If there is a tight coupling between his application and a handful of upstream libraries, packagers are far more likely to break his application by distributing the latest version of that shared library. Other applications that aren't as tightly coupled can handle that upgrade. Since it is tightly coupled, he's going to be highly attuned to the upgrade needs for his specific statically compiled version.

They're not orthogonal; they're two directed graphs with the same vertices and different edges.

If the dependency graph G = (V, E) has a vertex for every software project and an edge x -> y iff downstream project y depends on upstream project x, then the change-flow network is the graph C = (V, F), where there is an edge x -> y in F iff there is a downstream path between x and y in G and also y requires an update and re-release when x changes (e.g., because it bundles a copy of x in its releases).

So if there is a change to project x, for it to flow to all affected dependents, you must update all downstream neighbors of x in the change-flow network C.

For example, consider the following dependency graph, in which library L is used by downstream library L2, and L2 by project P:

    L -> L2 -> P
If none of the projects bundle their upstream dependencies in their own releases, then the corresponding change-flow network has no edges, and updating any project requires only re-releasing its own package to satisfy all dependencies:

    L
    L2
    P
But if L2 bundles a copy of L, and P bundles a copy of L2, then the corresponding network looks like this:

    L -> L2
    L -> P

    L2 -> P

    P
A change to L requires re-releasing not only L but also L2, and P. A change to L2 requires re-releasing L2 and also P.
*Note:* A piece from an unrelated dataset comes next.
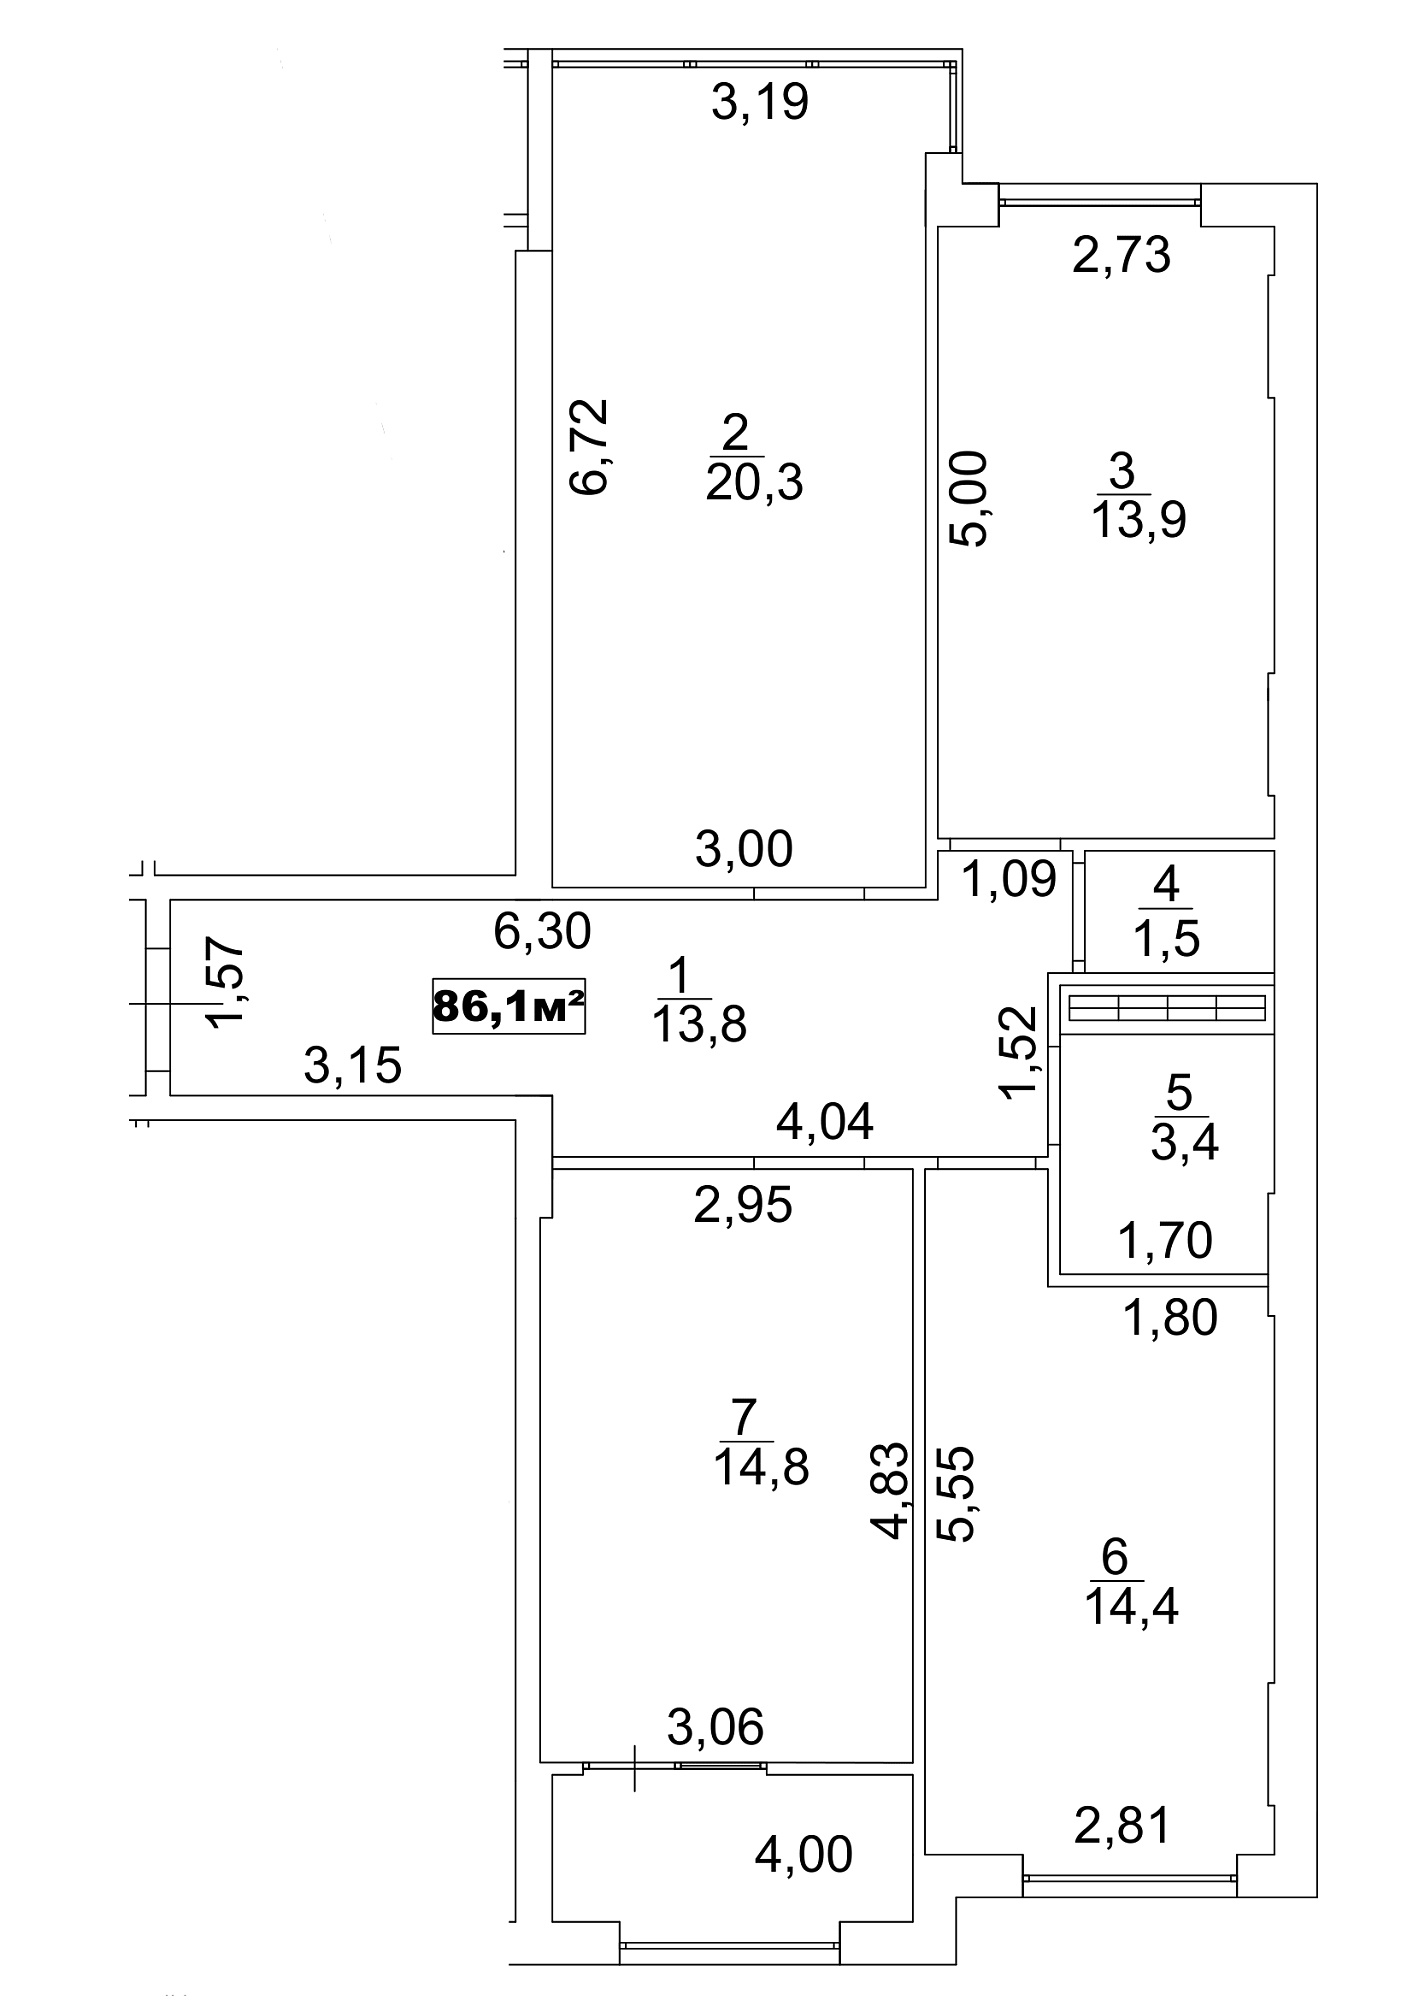 Planning 3-rm flats area 86.1m2, AB-13-02/00013.

Does that make more sense now?

You seem to misunderstand how static linking works.

If P statically links to its own version of L2, then L2 is just a part of P. The fact that there may be a dynamically linked version of L2 elsewhere on the system is irrelevant.

Consider:

  L -> L2 -> P

  L -> L2 -> Q

  L -> L2 -> R
If the authors of L2 release a new version that P and Q are happy with, but creates an extremely subtle segfault condition in R, then what?
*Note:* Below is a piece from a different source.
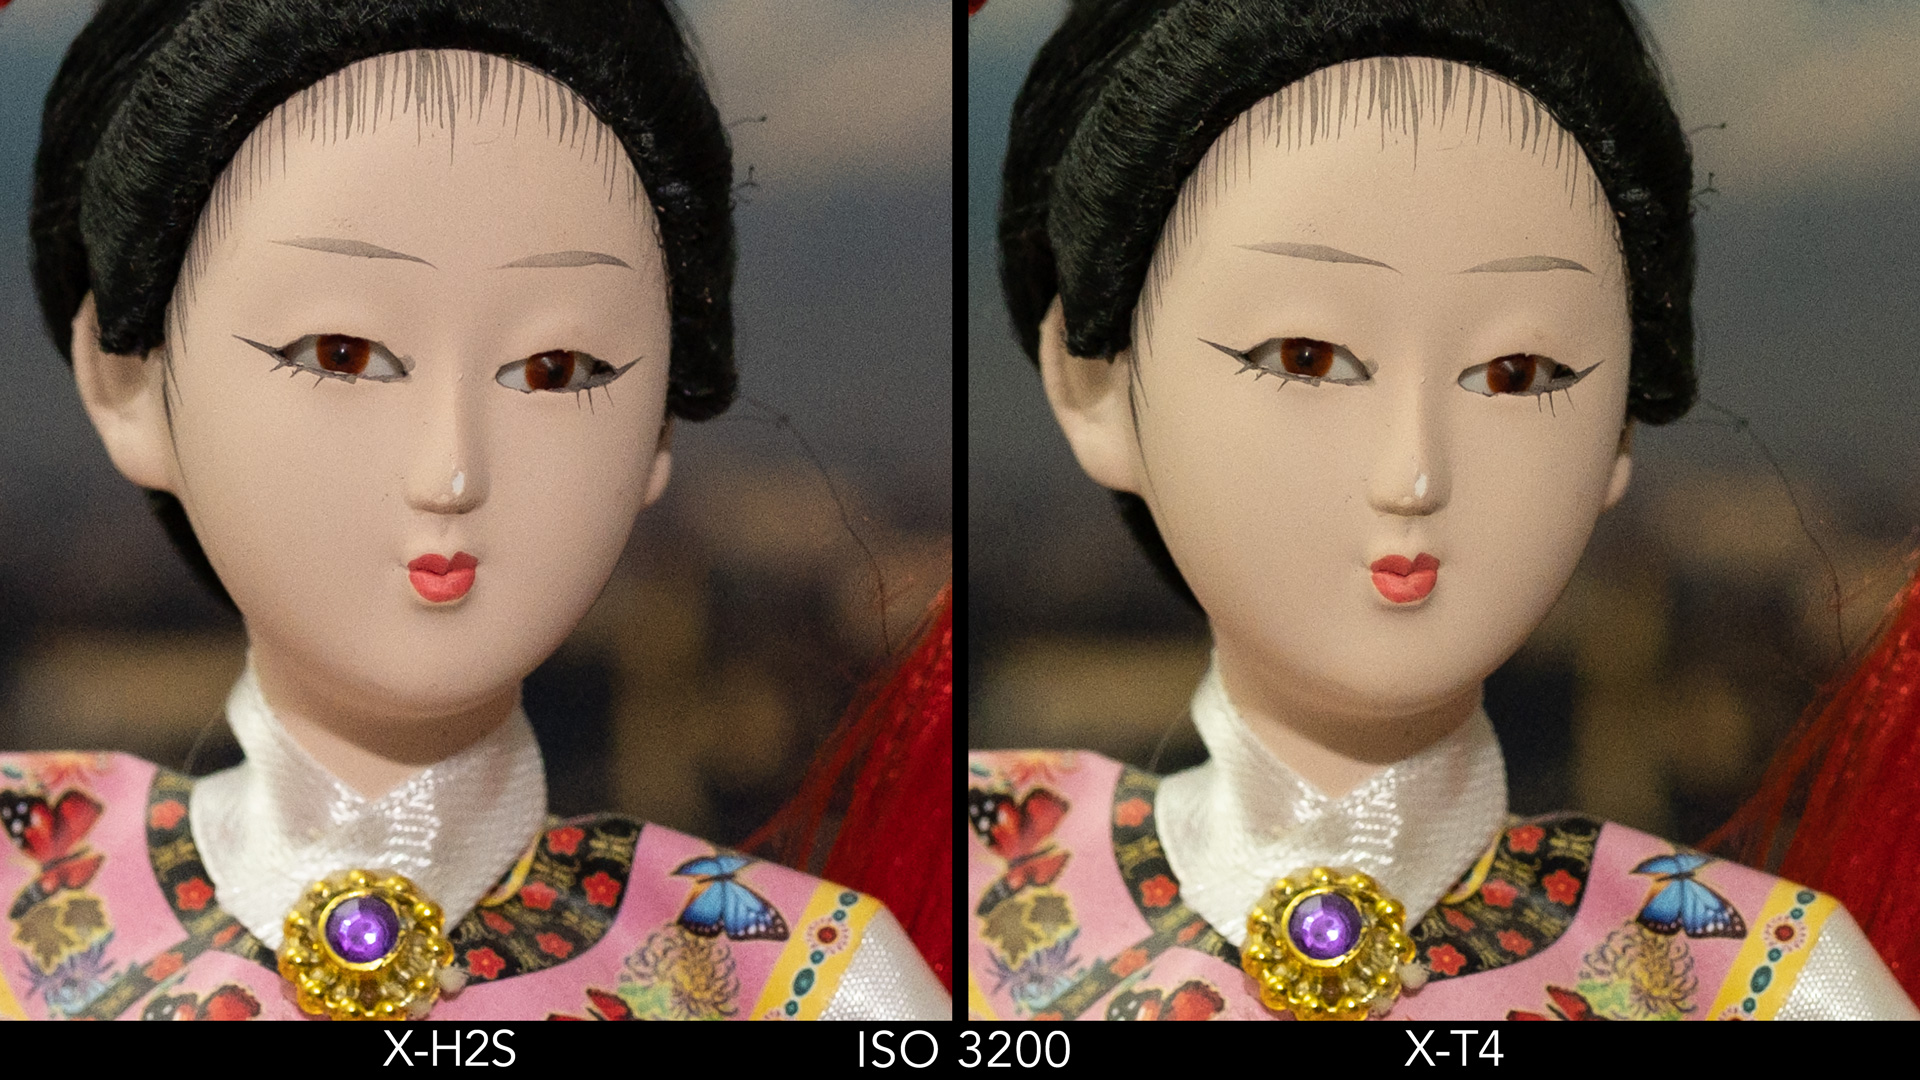 Side by side crop of the Japanese doll, showing the quality at ISO 3200 for the X-H2S and X-T4

The packager could just wait to release the upgrade to L2 until all downstream packages have compatible releases.

The packager could backport a subset of the L2 patches that is still compatible with R (Redhat does this a lot).

The packager could silently curse the author of R for not statically linking the necessary frozen-in-time version of L2 and thus bypassing this problem entirely.

> If P statically links to its own version of L2, then L2 is just a part of P. The fact that there may be a dynamically linked version of L2 elsewhere on the system is irrelevant.

No, it's highly relevant because when a security fix lands for L2, it takes longer to propagate to users if projects like P bundle their own versions of L2 as part of their releases. In that case, users must wait for the project developers to work the already-released L2 fixes into their own bundled versions of L2 and then release new versions of the projects before any downstream users get the fix. But if P and other projects use the same version of L2 that everybody else does, everybody gets the fix right away.

> If the authors of L2 release a new version that P and Q are happy with, but creates an extremely subtle segfault condition in R, then what? ...

> The packager could silently curse the author of R for not statically linking the necessary frozen-in-time version of L2 and thus bypassing this problem entirely.

More likely, the packager would patch L2 to fix the problem with R and then talk to the upsteam L2 developers to get the patch included in L2 proper. This way, R's users get the fix right away and the problem gets eliminated at its source, in L2, rather than papered-over in R's private copy of L2.

As I wrote in my original post, one of the big benefits of the "no bundling" policy is to make sure that patches flow upsteam to where they belong instead of piling up in downstream repos where they do good for only one dependent project instead of all dependent projects.

I mean, sure, just typeset it in LaTeX and it'll breeze right past your Fortune 500 IT department's change management board.
Meanwhile, organizations too small for a change management board can outsource that function to Debian.